Degree: Bachelor of Engineering (B.Eng.)
Duration: 7 semesters (3.5 years)
ECTS points: 210
Start: October (winter semester)
Location: Deggendorf
Taught in: German
Application period: 15 April - 15 July
Admission requirements:
Prerequisites: Knowledge of basic scientific subjects is an advantage
Postgraduate opportunities:
Fees:
Enquiries:
Engineering Physics is concerned with the application of physical knowledge to future-oriented technologies, as well as with environmentally friendly and resource-efficient processes and products. Engineering Physics therefore covers both fundamental and modern technologies such as electronics, optics and lasers, microcontrollers and measurement data acquisition, sensor technology, quantum technology, data analysis and AI.
This includes the application of physical detection and measurement methods to analyse and solve technical problems, the use of software and hardware to process and evaluate measurement data, as well as mathematical and computer simulation methods for the computational logging of processes and the evaluation of chemicals in terms of their environmental compatibility.
What sets graduates of Engineering Physics at Deggendorf Institute of Technology apart from those of other degree programmes? They acquire a broad and highly applicable foundational knowledge, analytical thinking skills and the competences required to solve problems. The predominantly technical content of the programme is complemented, for example, by “Engineering Work” and “Projects in Scientific Work”, in which both working methods and the understanding of professional roles are fostered. Students practise their soft skills by working in small teams on projects and in lab courses.
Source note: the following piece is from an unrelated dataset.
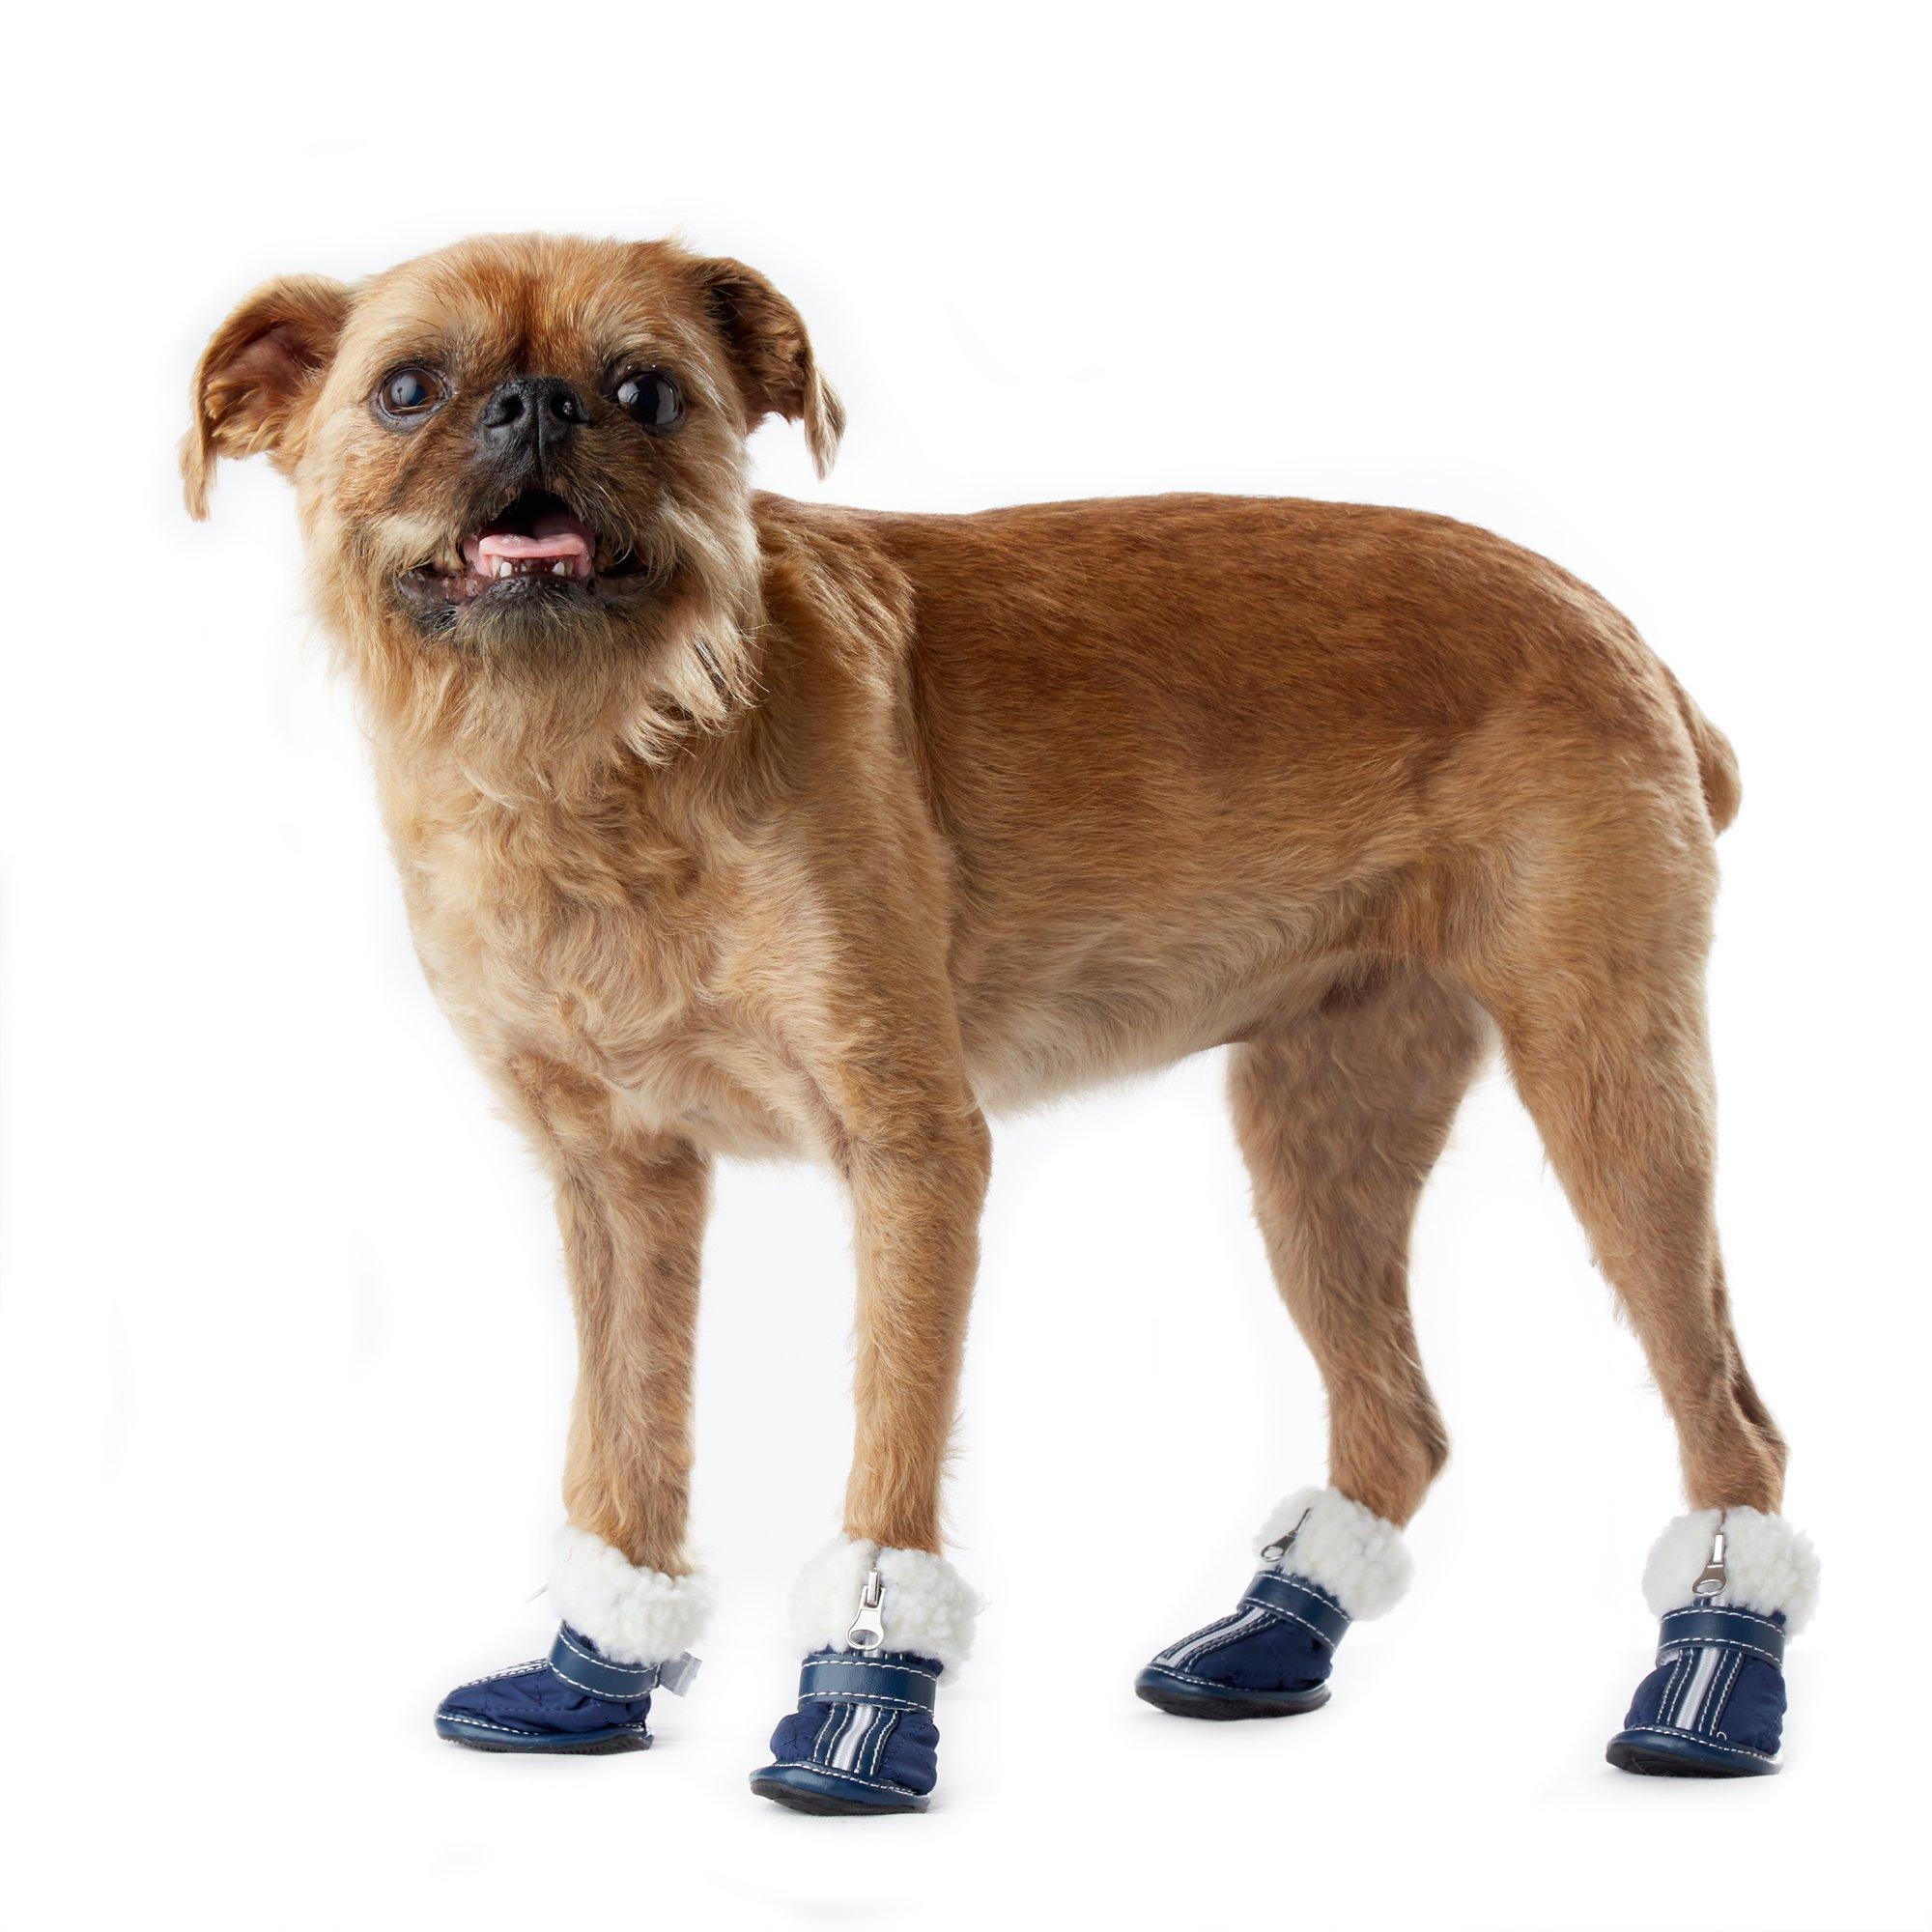 Pup Crew Navy Quilted Zip Shoes

It is important to us that you are thematically flexible in responding to the demands of the job market, while also acquiring a sound thematic foundation and an overview of key subject areas for potential further studies. The programme not only imparts knowledge but also provides valuable insights through the transfer of skills, enabling you to apply the theoretical knowledge you have acquired in context.
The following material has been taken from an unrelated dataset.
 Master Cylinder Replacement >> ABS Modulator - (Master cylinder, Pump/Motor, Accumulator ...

The degree programme in Engineering Physics is particularly suited to interdisciplinary work in highly innovative fields. The fields of activity of graduates in Engineering Physics range from research and development in industrial laboratories, universities and large research institutions, to roles in data processing, software, organisation, project planning and processing, production and manufacturing, sales and marketing, as well as in areas outside of Engineering Physics. Additionally, there are opportunities for freelance work, e.g. as an expert. At an international level, numerous other career options are also available.
Overview of lectures and courses, SWS (Semesterwochenstunden = weekly hours/semester) and ECTS (European Credit Transfer and Accumulation System) in the Bachelor's degree Engineering Physics.
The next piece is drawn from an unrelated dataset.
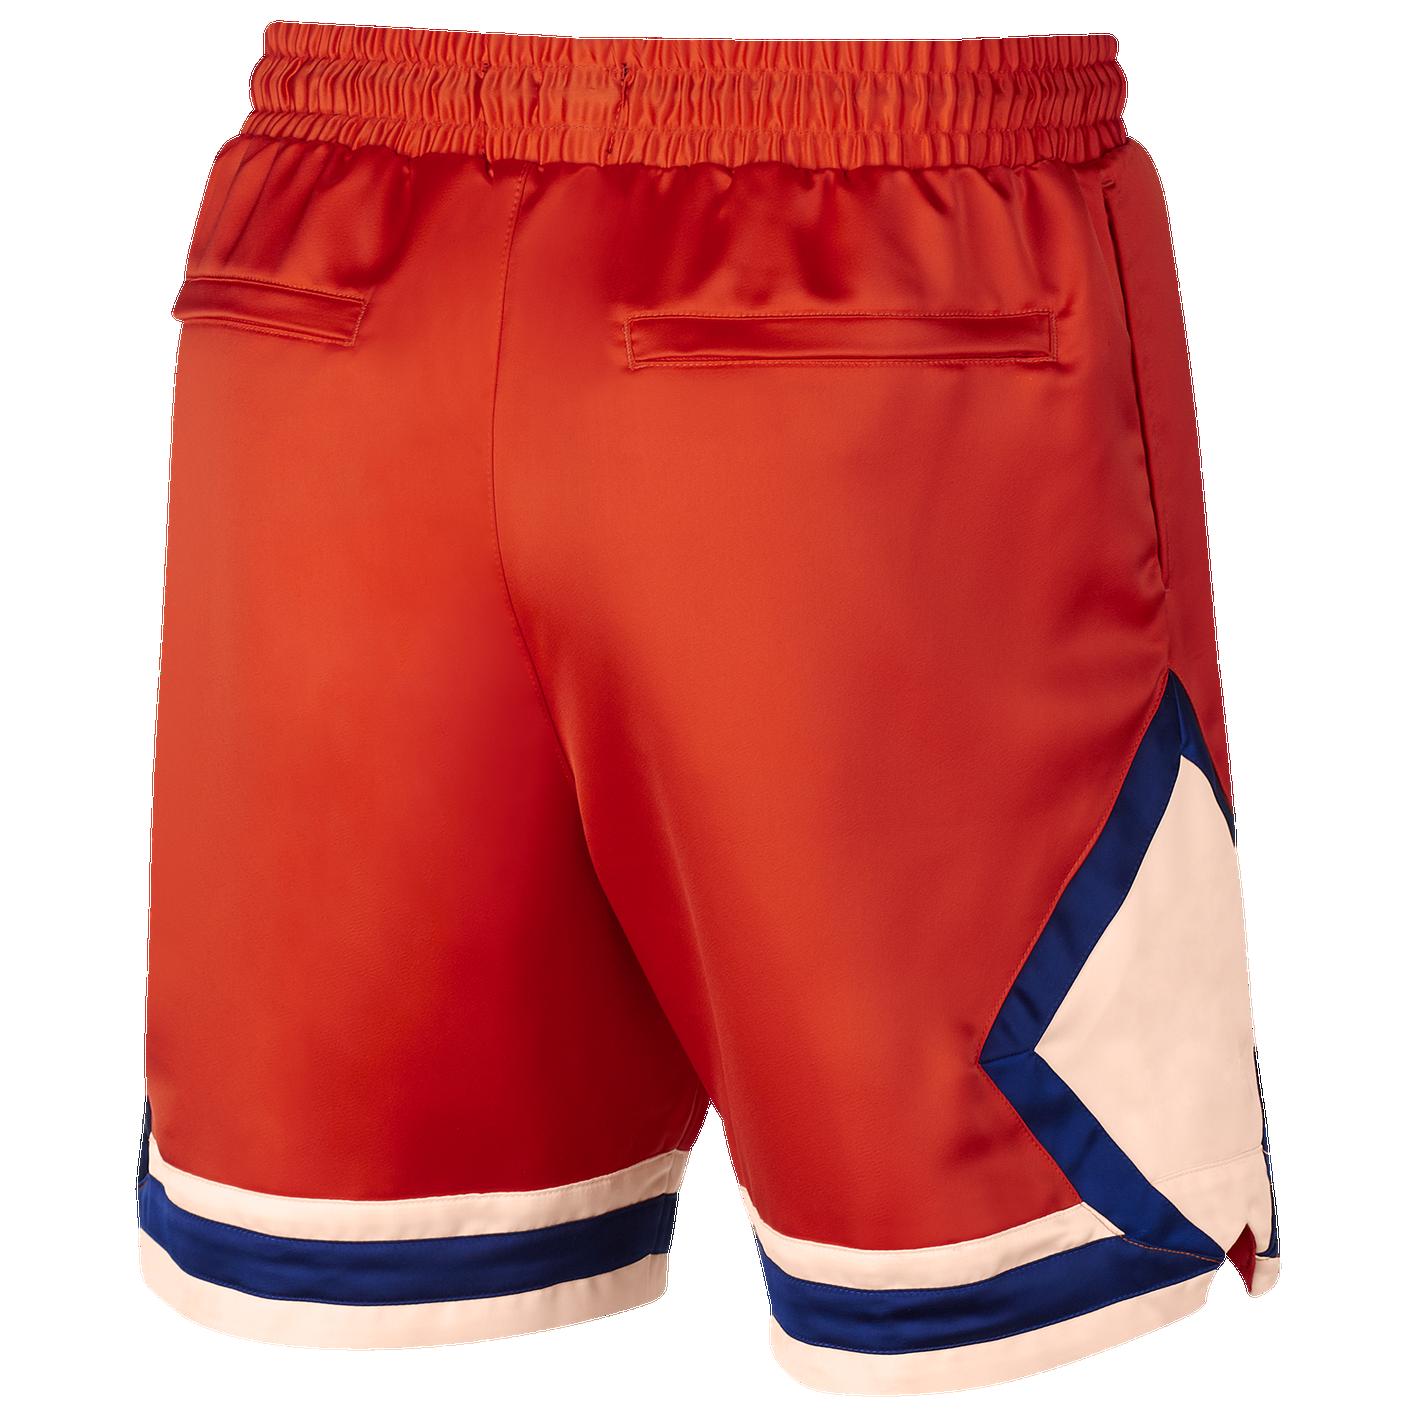 8b1682f645a Jordan Satin Diamond Shorts - Men's - Casual - Clothing - Team ...

1. Semester | SWS | ECTS |
Mathematical Basics | 4 | 5 |
Informatics 1 | 4 | 5 |
Technical English | 4 | 5 |
Chemistry | 4 | 5 |
Basics of Electrical Engineering 1 | 4 | 5 |
Physics 1 | 6 | 5 |
2. Semester | SWS | ECTS |
Engineering Mathematics | 4 | 5 |
Informatics 2 | 4 | 5 |
Projects in Scientific Work | 4 | 5 |
Engineering Work | 4 | 5 |
Basics of Electrical Engineering 2 | 4 | 5 |
Physics 2 incl. Lab Course | 6 | 5 |
3. Semester | SWS | ECTS |
Mathematics 3 | 6 | 7 |
Physics 3 incl. Lab Course | 6 | 8 |
Electronics | 4 | 5 |
Optics and Lasers | 4 | 5 |
Materials Science | 4 | 5 |
4. Semester | SWS | ECTS |
Statistics | 4 | 5 |
Measurement and Control Technology | 4 | 5 |
Physics 4 | 6 | 5 |
Microcontroller and Measurement Data Acquisitation | 4 | 5 |
Microsystems Engineering | 4 | 5 |
Innovation Management | 4 | 5 |
5. Semester | SWS | ECTS |
Industrial Sensor Technology | 4 | 5 |
High-frequency Sensor Technology | 4 | 5 |
Quantum Technologies | 4 | 5 |
Basics of Data Analysis and AI | 4 | 5 |
Optical Measurement Technology | 4 | 5 |
Project | 4 | 5 |
6. Semester | SWS | ECTS |
Practical Module | 6 | 6 |
Industrial Internship | - | 24 |
7. Semester | SWS | ECTS |
Modelling and Simulation | 4 | 5 |
Elective Module | 4 | 5 |
Pract. Modern Measurement Technology | 4 | 5 |
Colloquium | - | 3 |
Bachelor Thesis | 2 | 12 |